Присядет на твою ладонь,
И взмоет, укусив,
В бордовое вплетая
До Ликующее Си.
Лети подальше от скорбей,
Сквозь яблони в цвету,
Покуда грузный воробей
Не склюнет на лету.
«Посмотри окрест ли, наверх…»
Памяти А. Тихомирова
Посмотри окрест ли, наверх, —
В божьем мире ни души.
Только щелкают в канавах
Ледяные камыши.
Только волки-кривотолки
Прячут желтые глаза.
В новогодней темной елке
Изумруд да бирюза.
Затолкал в печурку плаху,
И под шум внезапных крыл
Справил новую рубаху,
И калитку приоткрыл…
«В какой-то усадьбе-музее…»
В какой-то усадьбе-музее,
Где мы побывали когда-то,
Портреты картинно висели,
Лампадками теплились даты.
Смешались эпохи и стили,
Стекло помутнело в пыли,
И музы с плафонов спустились,
И в подпол мышами ушли.
Откуда же знает старуха
Вся в пепле портретных жемчужин,
Что дом ее все же не рухнул,
И даже кому-нибудь нужен?
Откуда же столько суровой
Уверенности в победе
В глазах у того молодого
Военного в темном портрете?..
Балкон мезонина дощатый,
Грибами пропахли перила,
Кружила ворона, и чья-то
Забытая память парила.
«Крепко сидят журавлиные клинья…»
Я. Гольцману
Крепко сидят журавлиные клинья
В памяти.

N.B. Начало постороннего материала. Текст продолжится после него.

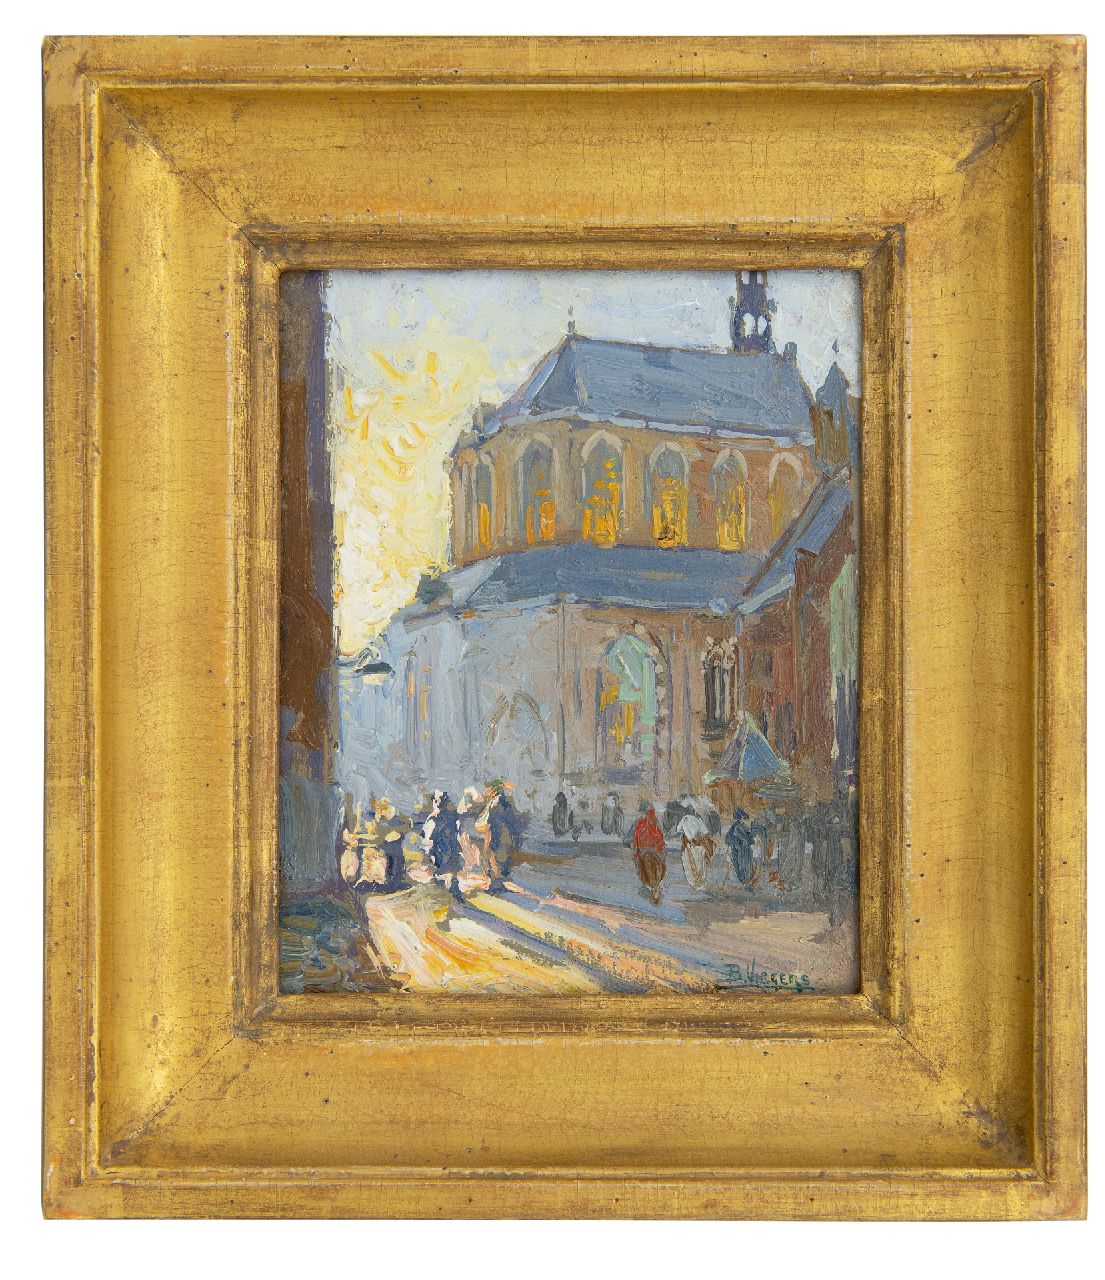 Viegers B.P.  | Bernardus Petrus 'Ben' Viegers | Paintings offered for sale | Behind the Grote Kerk, Den Haag, oil on paper laid down on panel 18.2 x 14.5 cm, signed l.r.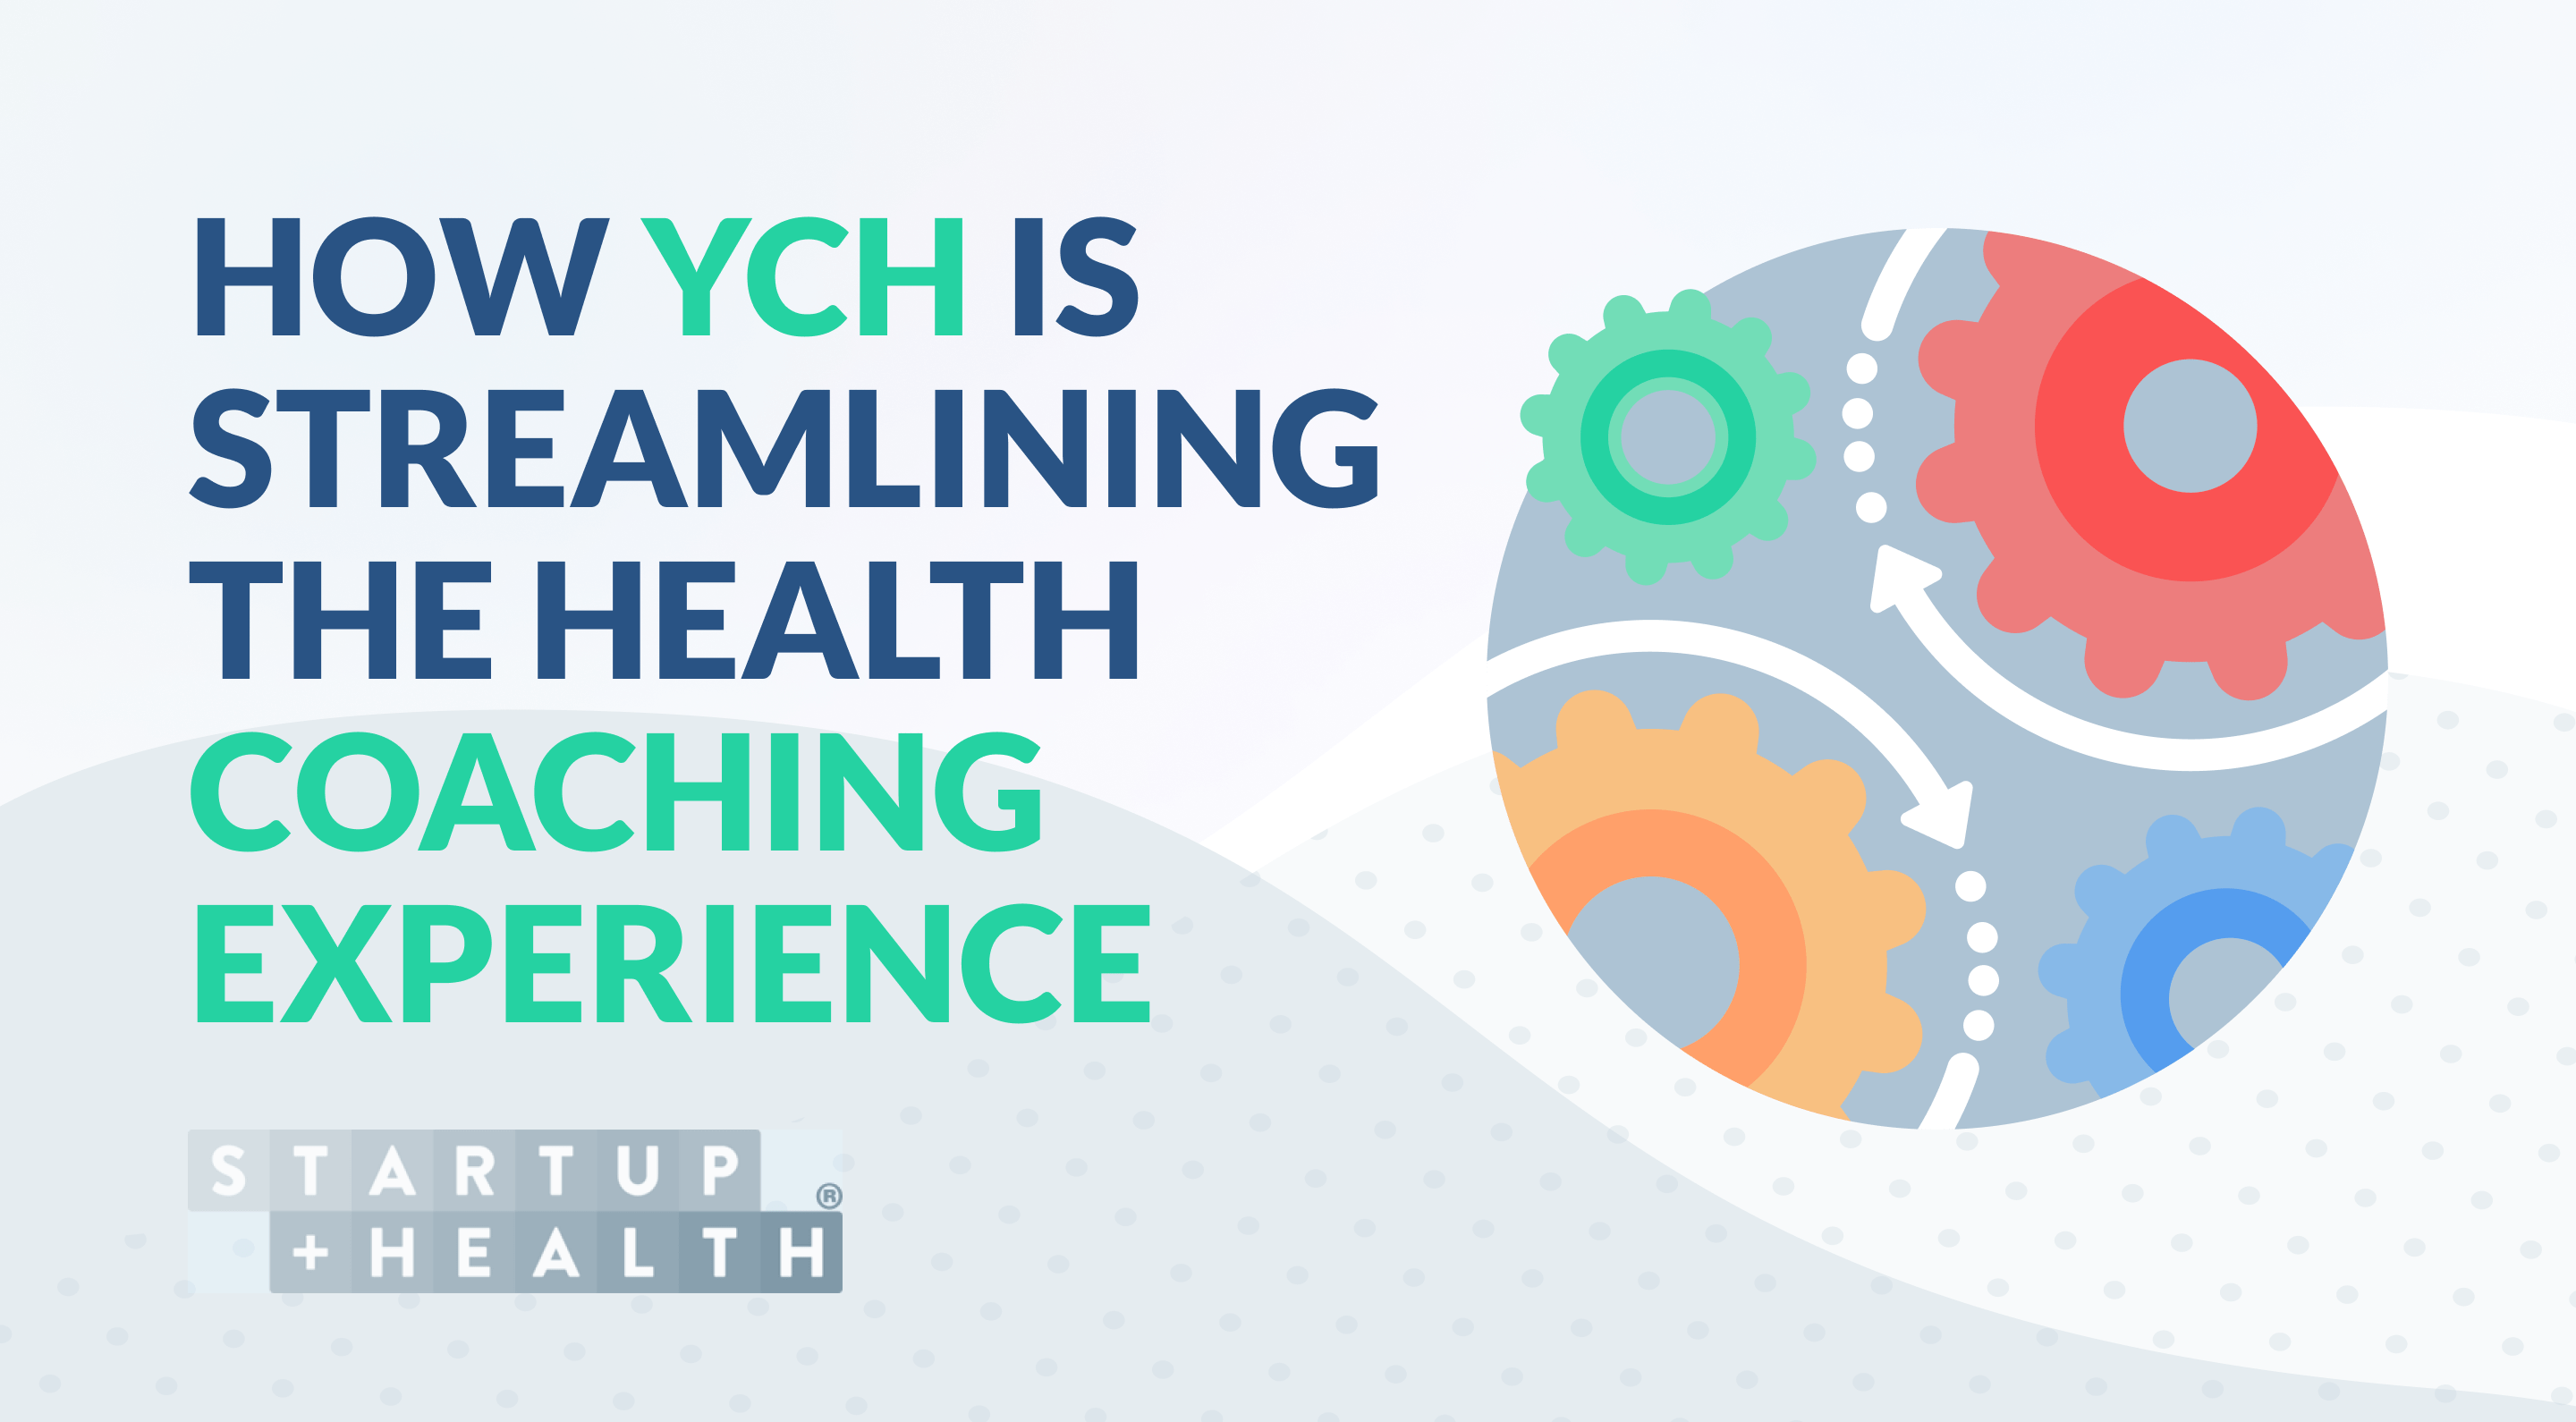 How YourCoach’s Practice Management Platform Is Streamlining the Health Coaching Experience

Все сначала —
Пятнышко света на горькой калине,
Черные доски причала.
Как, наглотавшись дождя или шквала,
Пели. Не сразу, но пелось.
И вертикально над нами вставало
Гибкое озеро Пелус.
Хлопало перистыми краями,
Крупными звездами скалясь.
На Бодунове в маленькой яме
Тетерева плескались.
Гагара печальная в черной шали
Пока что не улетела.
В мокрой деревне еще дышали
Два стариковских тела.
Нынче же там и зимой и летом
По-человечьи дико.
Лишь наливается льдистым цветом
Ягода неживика…
«Мой мальчик не желает танцевать…»
Мой мальчик не желает танцевать.
В осенней мгле ступни большие мочит,
Вино лакает, голову морочит,
Но только не желает танцевать.
Ни краковяк ему не по нутру,
И ни фанданго. Встанет поутру,
После того, как прошумит полночи,
Умоется, а танцевать не хочет.
Я умоляю: — Ну хотя бы па,
Ногой туда, ногой сюда, не сложно…
Нахмурится и отвечает: — Па!..
И говорить с ним дальше невозможно.
Но, слава Богу, не берет в расчет
Дурного глаза и худого взгляда,
А танцевать не хочет, — и не надо,
Наверно, не приспичило еще.
«То были хорошие дни…»
То были хорошие дни.
Пустырь у районной больницы,
Средь пижмы и медуницы
Больные торчали, как пни.
И я назывался — больной.
Мы солнышка ждали, как дети.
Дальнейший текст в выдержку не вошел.